“All I need to make a comedy is a park, a policeman and a pretty girl.”-
Charlie Chaplin (1889 - 1977)
British actor and director
My Autobiography
Comedy, a universal form of expression and a major dramatic genre that is intended to amuse, has always been considered inferior to tragedy. She has remained a Cinderella of the Muses, as Gordon says. There has been an awakening of interest in comedy in the recent times. Meredith was of the view that comedy (High Comedy) appeals to the intelligence – “aims not at our ribs or armpits but at our heads”.

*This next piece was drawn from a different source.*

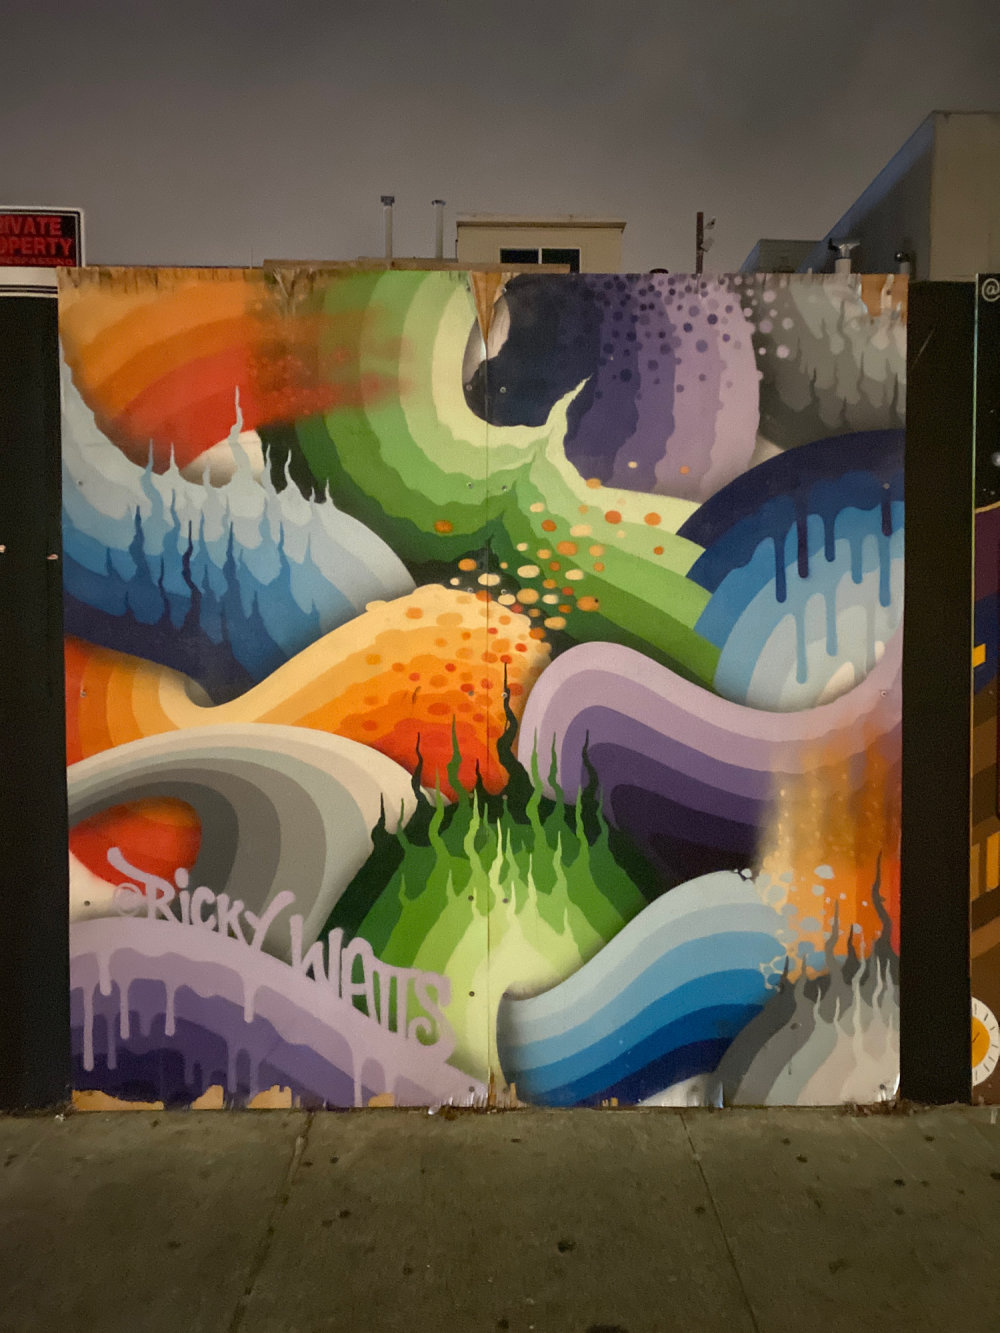 mural in San Francisco by artist Ricky Watts.

In comedy, the victim is attacked impersonally and without heat. The laughter of heart and mind are inextricably interfused in Shakespearean comedy. His is the Imbued with a playful spirit; comic entertainment frequently exposes incongruous, ridiculous, or grotesque aspects of human nature. Meredith says: ‘Shakespeare is a well – spring of characters which are saturated with the comic spirit; with more of what we well call blood – life than is to be found anywhere out of Shakespeare; and they are of this world, but they are of this world enlarged to our thought by imagination, and by great people imagination”. Comedy has a mission and lashes at the foibles of society. It should use the whip, and must have the courage to be cruel. The purpose of laughter is corrective. It deals with familiar surroundings and with society.
Shakespeare does not neglect the work of comedy, but he is good – natured, and kind. He attacks egotism, sentimentalism, pedantry and self – importance. These foibles do not make men and women criminals. These people are bad citizens and bad neighbours, and unsociable. In Shakespearean comedy every excess of egotism or sentiment is treated as an illness. Yet, even behind the ornate and elevated language of Shakespeare lay a densely ironic, and sometimes obscene, wordplay.
Shakespeare’s world of comedy is a world which is dominated by the women. There are two groups of people in this world. One group of the young men and women live in a world of dreams and laughter. The other group consists of workaday people – farmers, maids along with rogues, jokers and odd fellows. Love – story forms the plot of these comedies: “We are in the Utopia of lovers, where there is much despair; but no broken.” A common characteristic of all the comedies is the use of disguise. Disguise enabled Shakespeare symbolize one of his favourite themes – the contrast between appearance and reality.